En suma: la tarea que el fondo conceptual del discurso de Boric está anunciando y que él tratará de poner en ejecución es diáfana y correcta: unir a la comunidad nacional, pero sin meterla por eso en una camisa de fuerza. Ni en una camisa de fuerza de ultraizquierda (la que pone en el centro a la clase obrera o al pueblo todo y afirma que cualquier identidad que no sea esa es inadmisible) ni menos en una de ultraderecha, para la que tampoco existen las diferencias (una derecha para la cual los chilenos y las chilenas somos intercambiables, los hombres y las mujeres, los del sur y los del norte, los de Vitacura o Las Condes con los de la comuna de Ercilla, y quien diga lo contrario es un traidor a la patria).

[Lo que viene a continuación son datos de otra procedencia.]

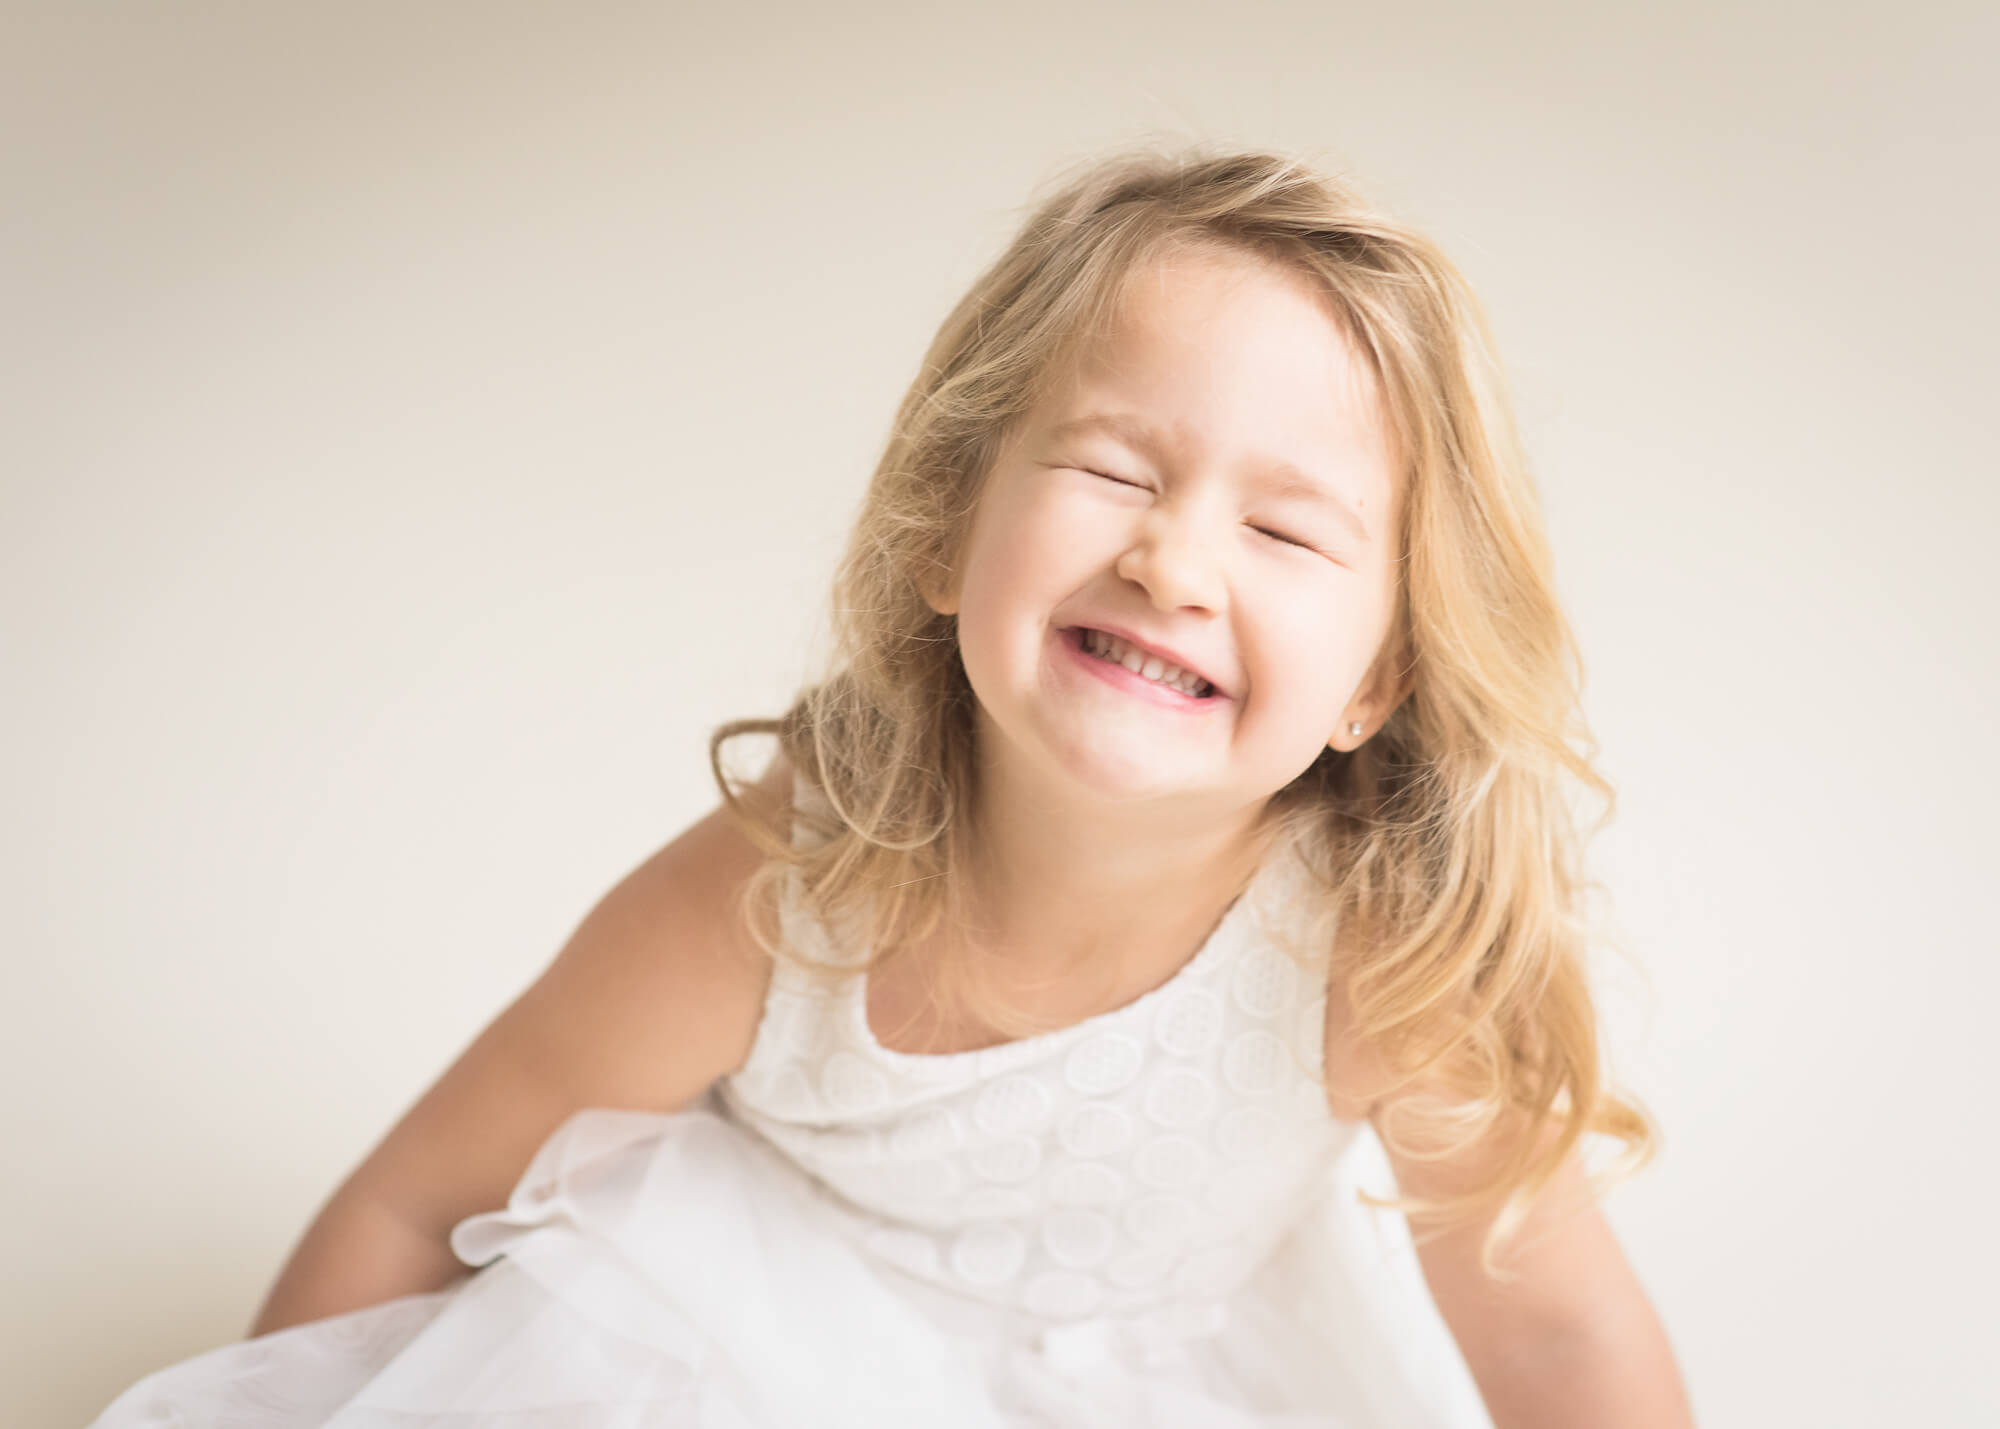 silly preschooler in studio portrait cream dress light background

Como es sabido, esta segunda fue la íntima convicción de Pinochet, ha sido asimismo la de nuestra oligarquía, forjadora de una identidad nacional que se dice igual para todos, pero que en realidad es desigual, hecha para su particular consumo, y que fue la que durante la reciente elección hizo suya el adversario de Boric. De paso, y como se sabe, el ultranacionalismo es uno de los rasgos claves del fascismo y su consecuencia previsible es la xenofobia.
Celebremos pues la diferencia, pero que esta nos sirva no para destruir la nación, sino para fortalecerla y enriquecerla, facilitando que los desacuerdos se expongan y se discutan racionalmente, haciendo del disentir y de la superación del disentir una necesidad virtuosa. En mi opinión, donde este principio se actualiza hoy en Chile de la mejor manera es en la Convención Constitucional. No sé si sus integrantes se propusieron que ello fuera así desde que sus actividades se pusieron en marcha, pero ese cuerpo de chilenos, que está compuesto por el grupo más variopinto del que se tenga registro en la historia de nuestras instituciones civiles y en el que por lo mismo podían anticiparse todo tipo de querellas, ha sabido sortear ese peligro. Tal vez sea por el trabajo en conjunto que realizan sus integrantes —todos o la gran mayoría—, que ellas/ellos se han dado cuenta de que sus identidades particulares, de etnia, de región, de género, de religión o lo que sea, por muy legítimas que sean y sin traicionarlas, no son incompatibles las unas con las otras, y sobre todo que no son incompatibles con la identidad nacional, la lealtad que las chilenas y los chilenos le debemos, para decirlo con las palabras del presidente Gabriel Boric, a un país que no es el falazmente armónico de los oligarcas, sino uno que de verdad es el “de todas y de todos”, y en el que por eso “todas y todos” participamos con igualdad de derechos e igualdad de obligaciones.